Input data —
------------

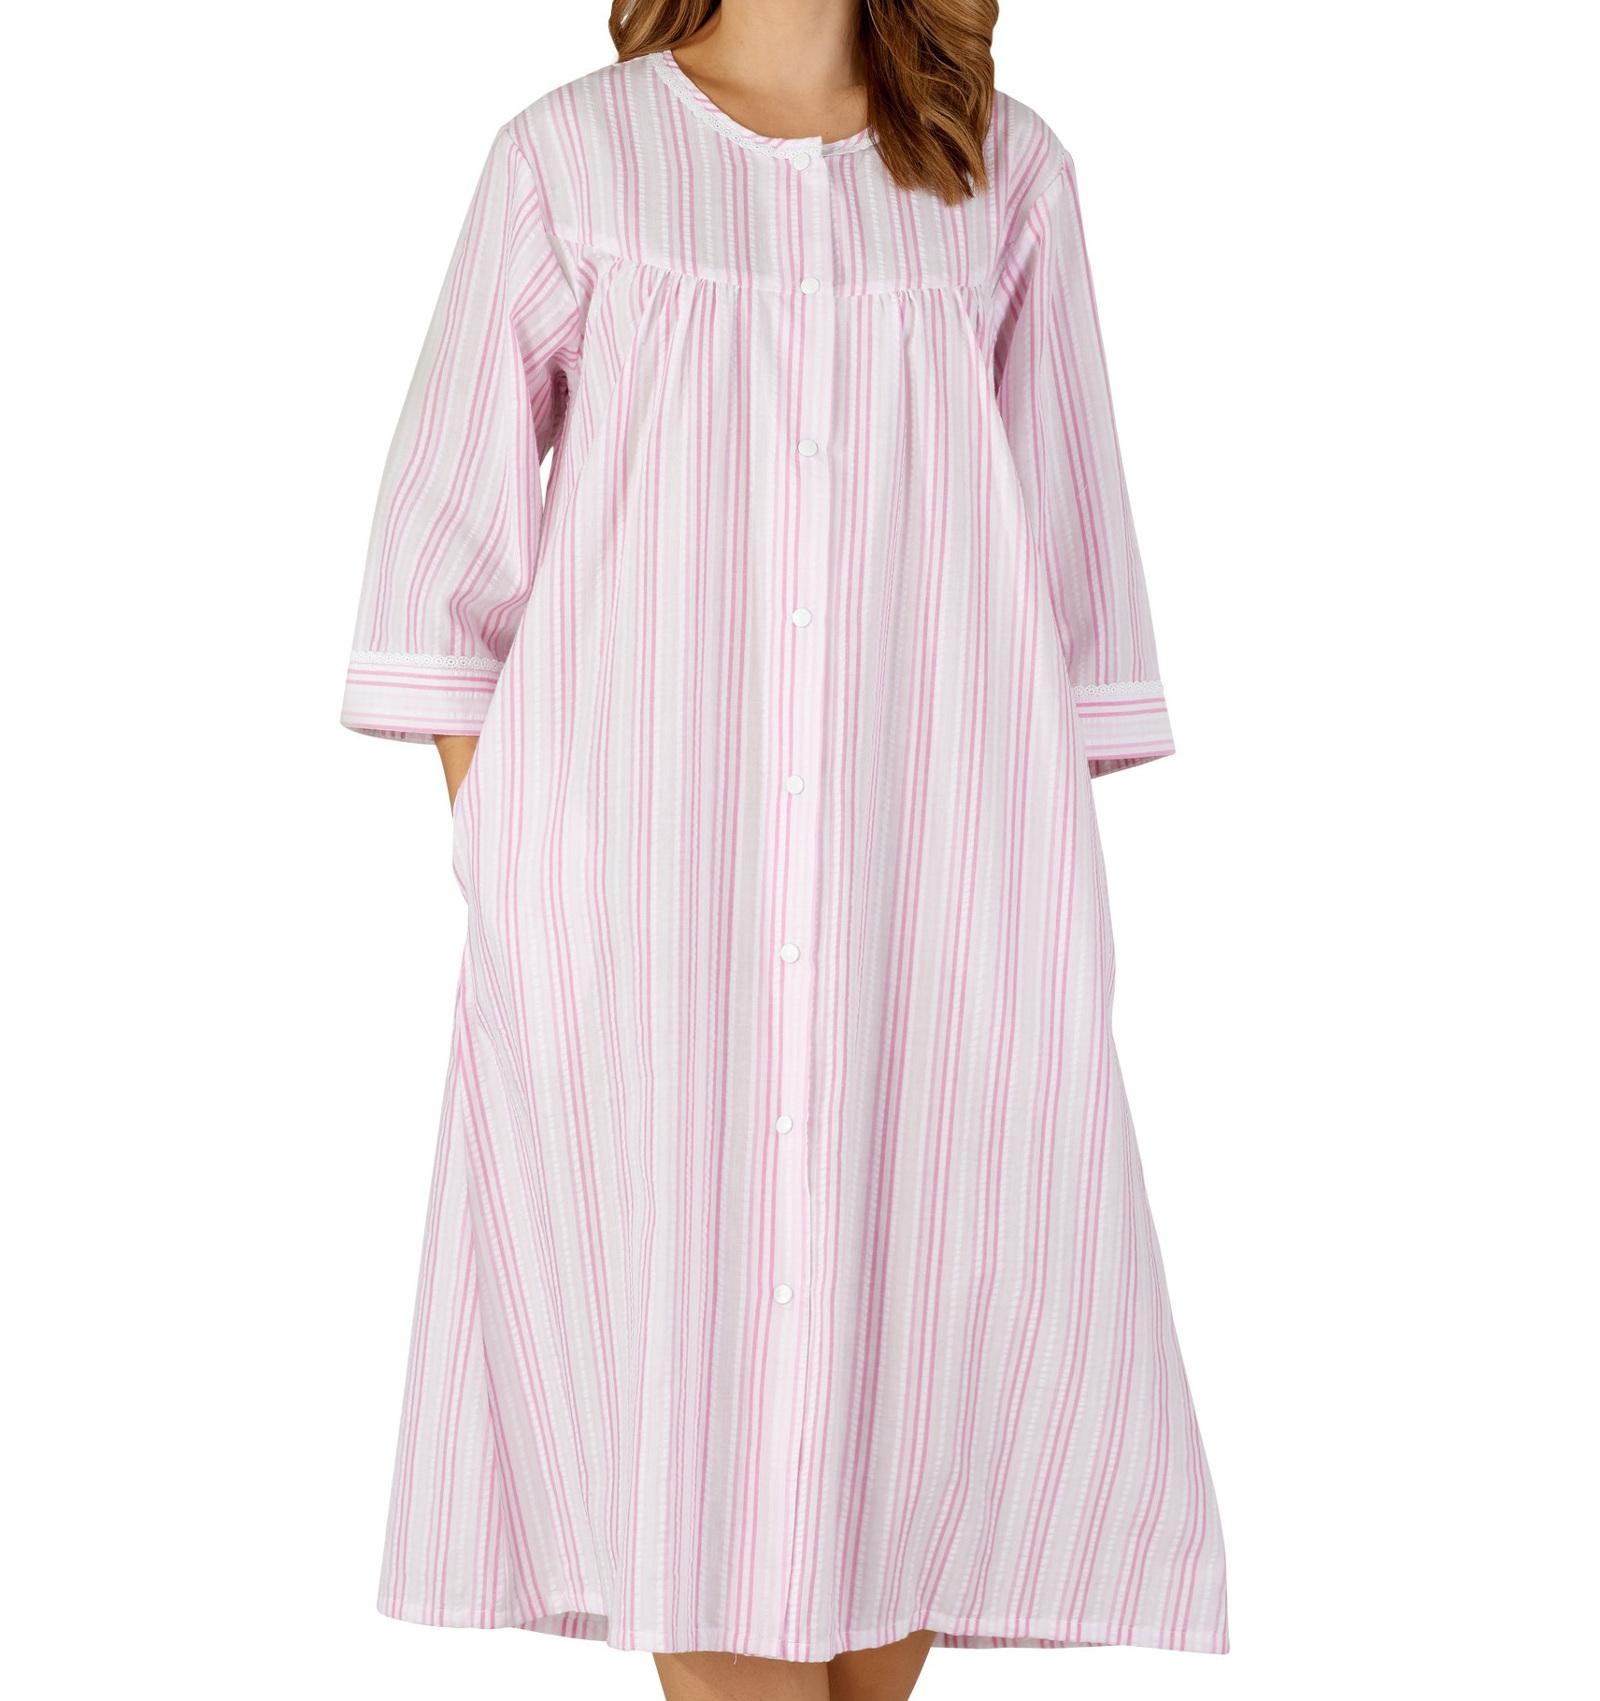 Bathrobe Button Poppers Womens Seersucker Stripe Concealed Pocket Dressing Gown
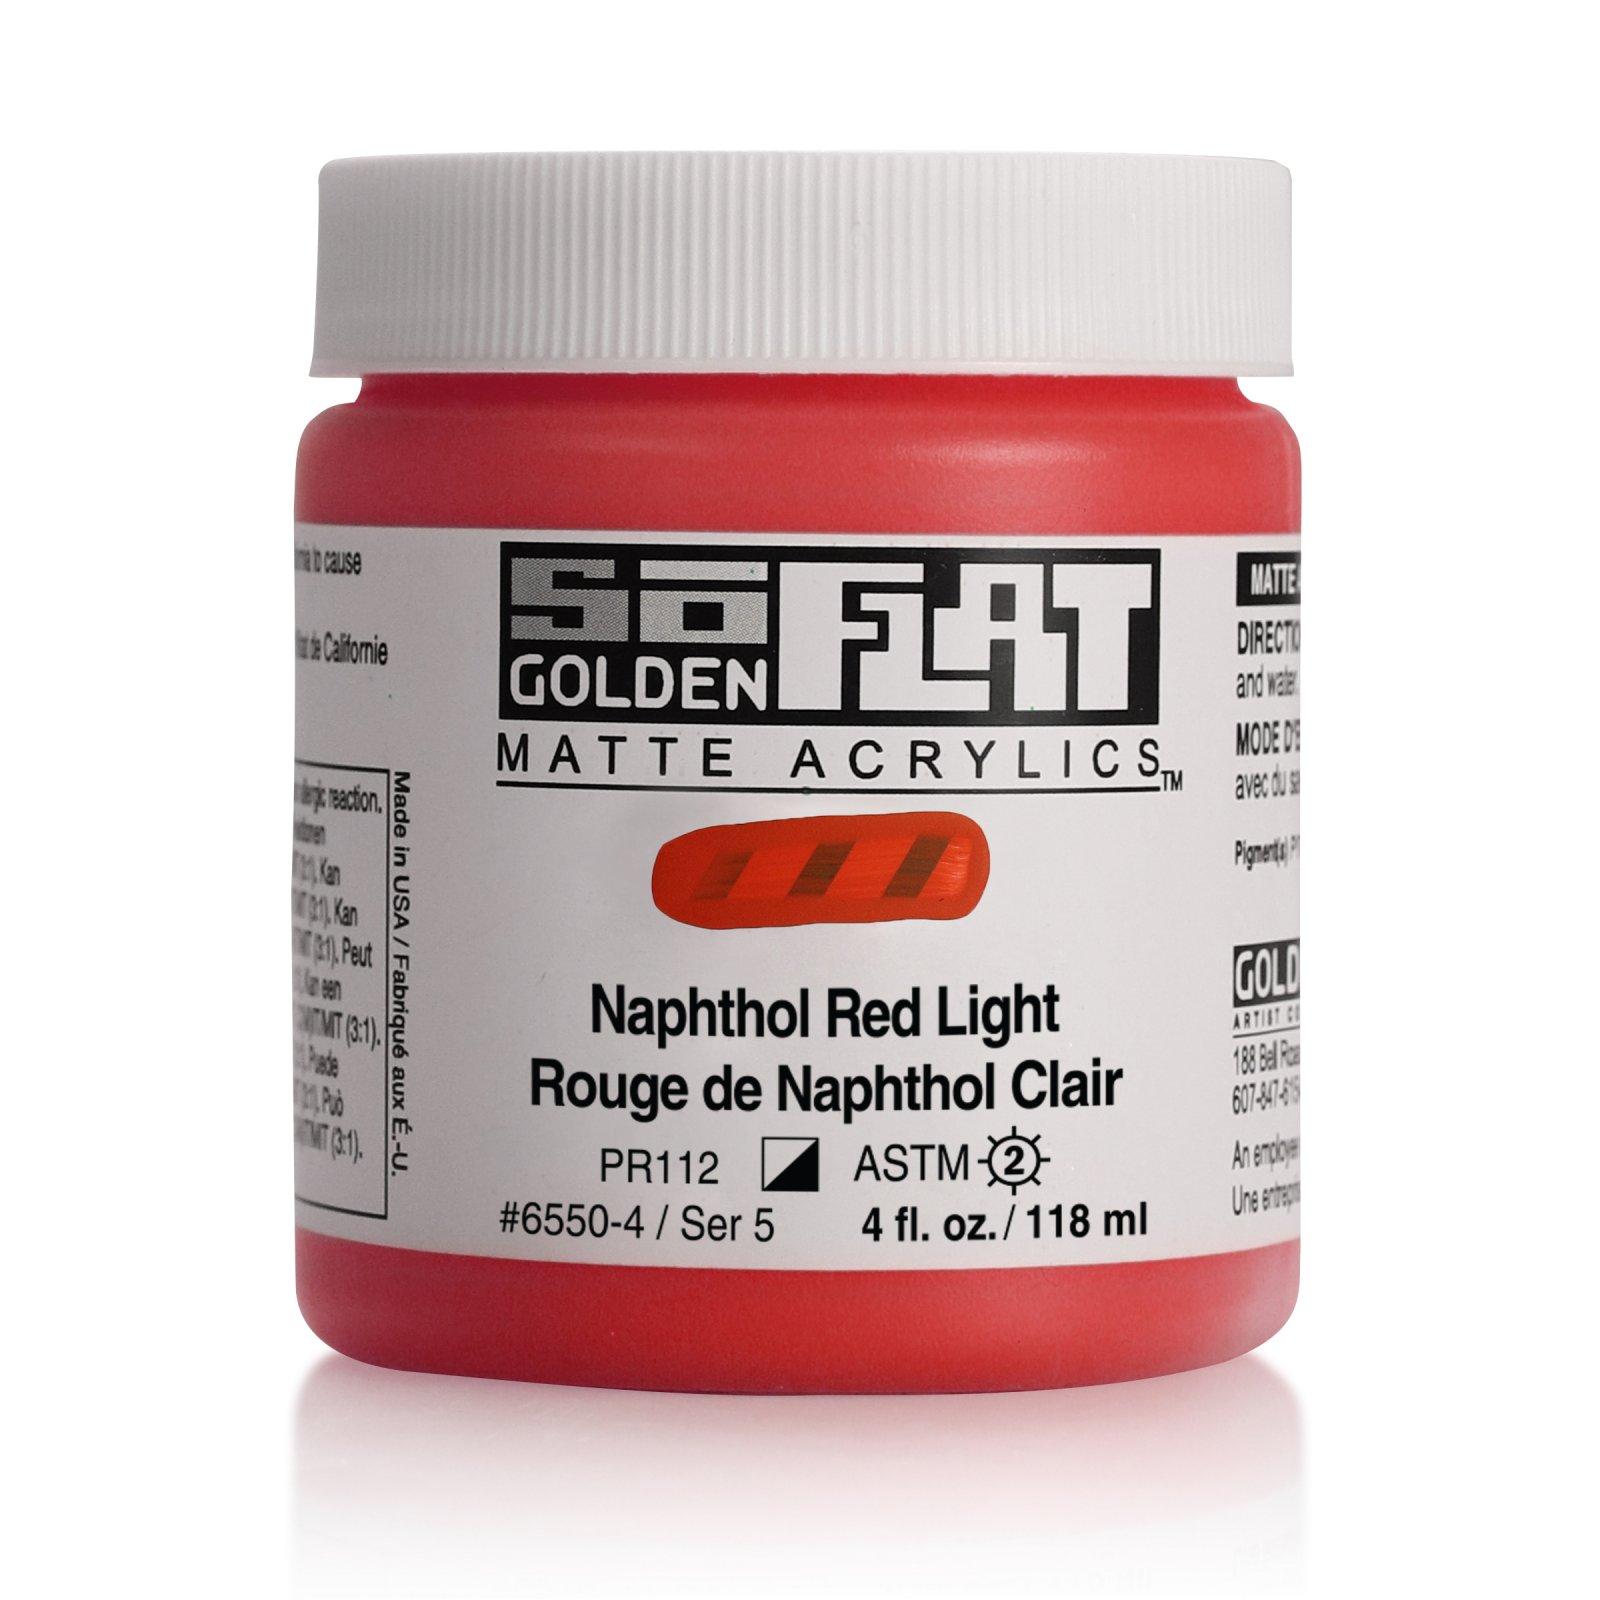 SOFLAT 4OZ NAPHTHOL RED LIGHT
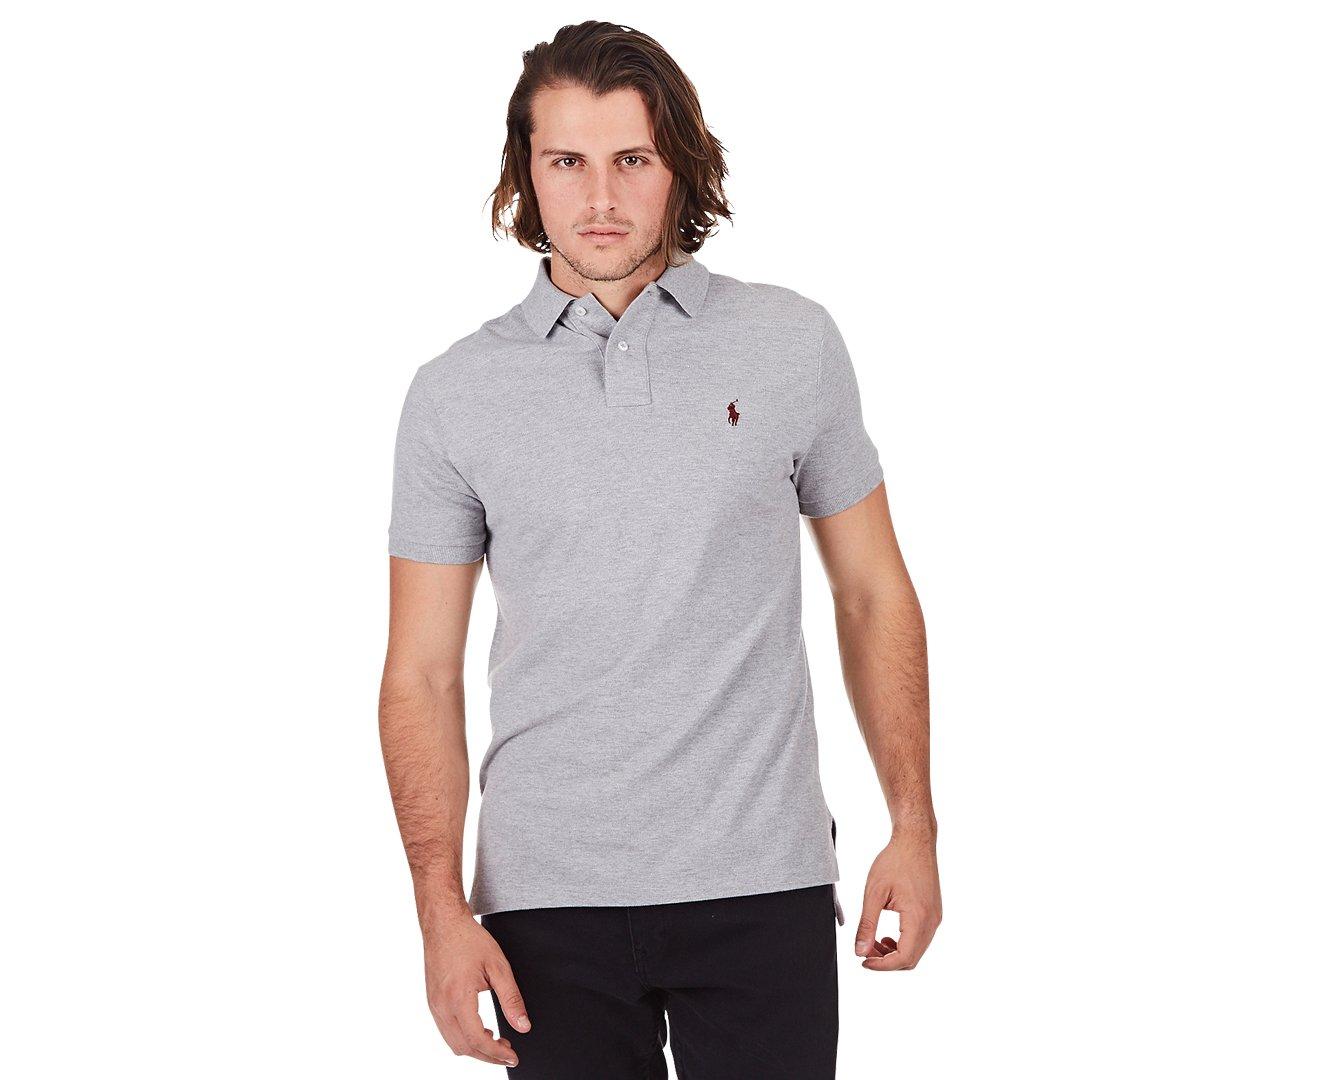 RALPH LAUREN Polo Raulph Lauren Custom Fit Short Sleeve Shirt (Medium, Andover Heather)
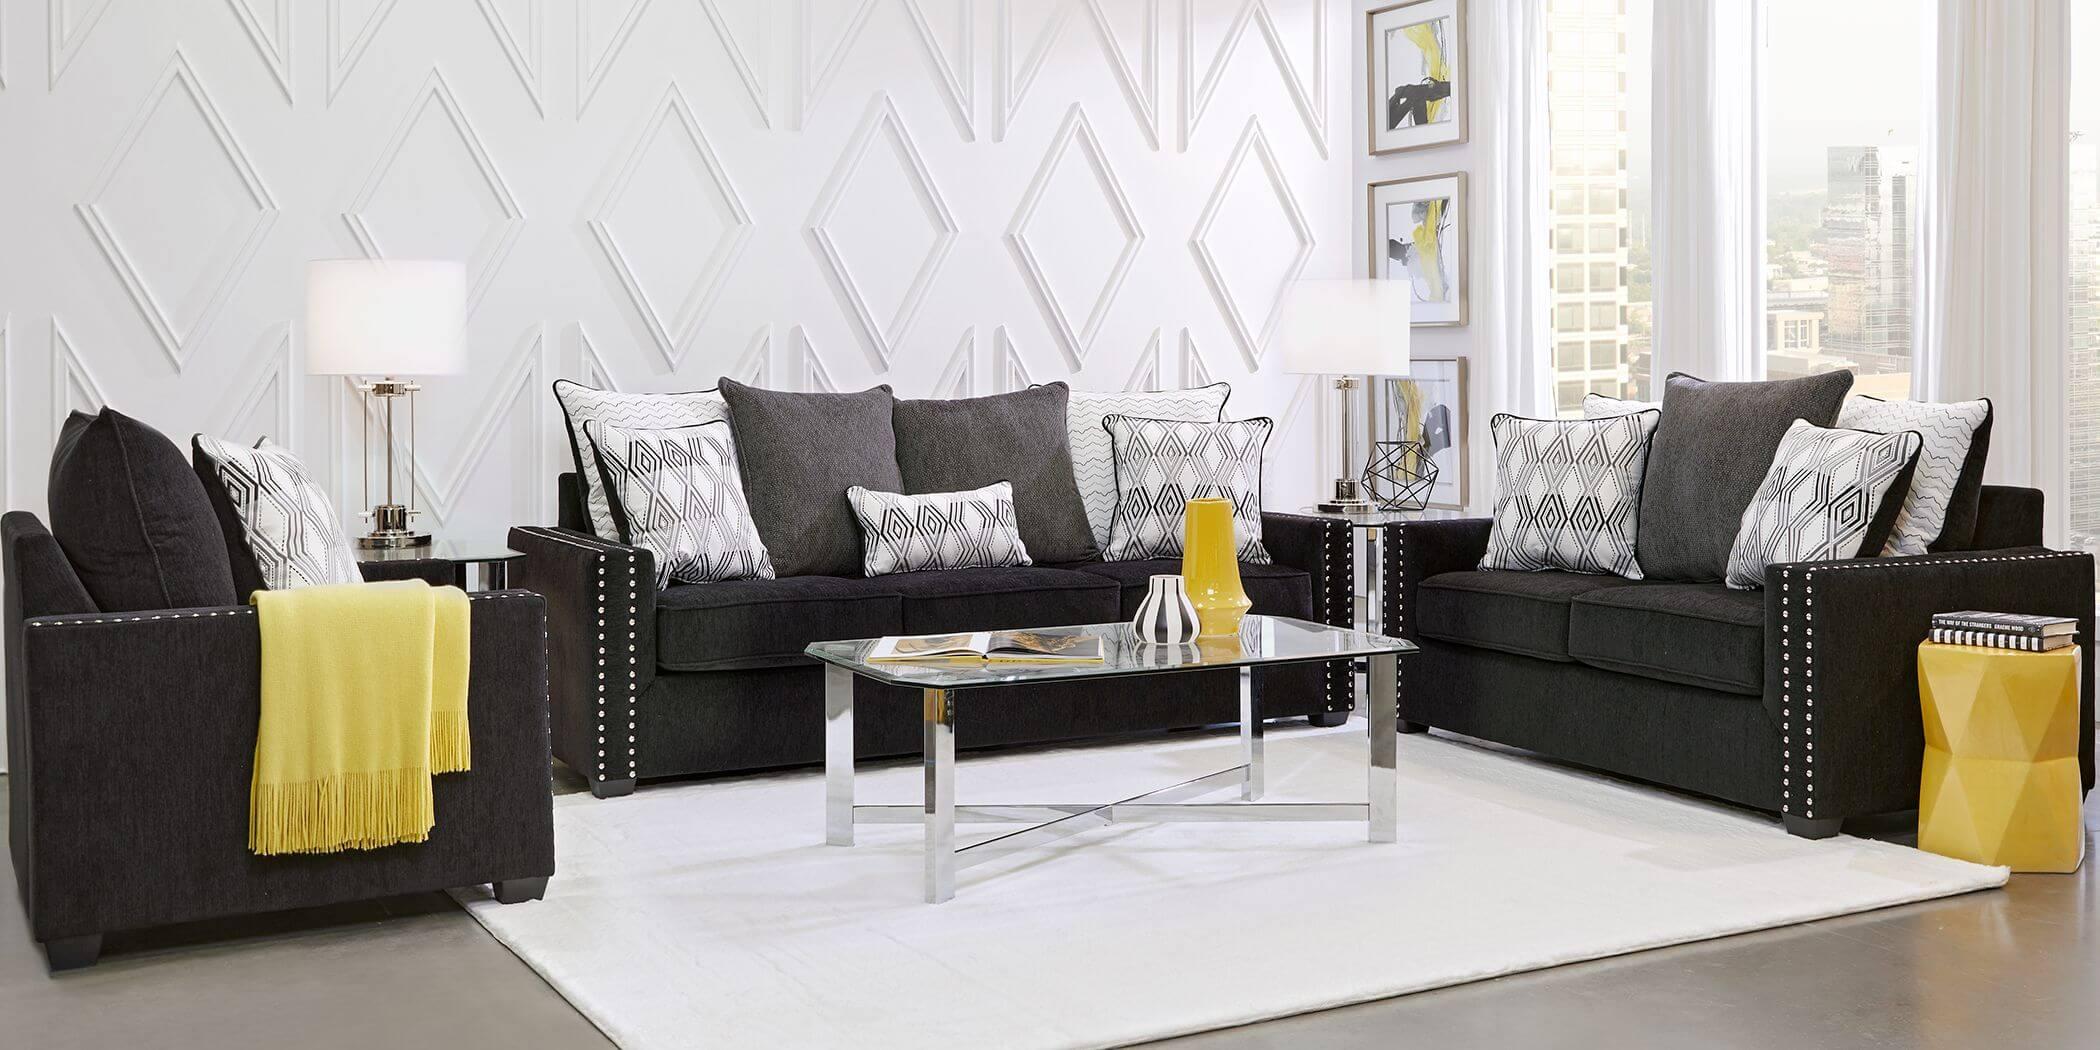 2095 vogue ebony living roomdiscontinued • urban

------------

Work instruction — Return each line above exactly; any pictures are to be skipped.

Exercise answer —
 Bathrobe Button Poppers Womens Seersucker Stripe Concealed Pocket Dressing Gown
 SOFLAT 4OZ NAPHTHOL RED LIGHT
 RALPH LAUREN Polo Raulph Lauren Custom Fit Short Sleeve Shirt (Medium, Andover Heather)
 2095 vogue ebony living roomdiscontinued • urban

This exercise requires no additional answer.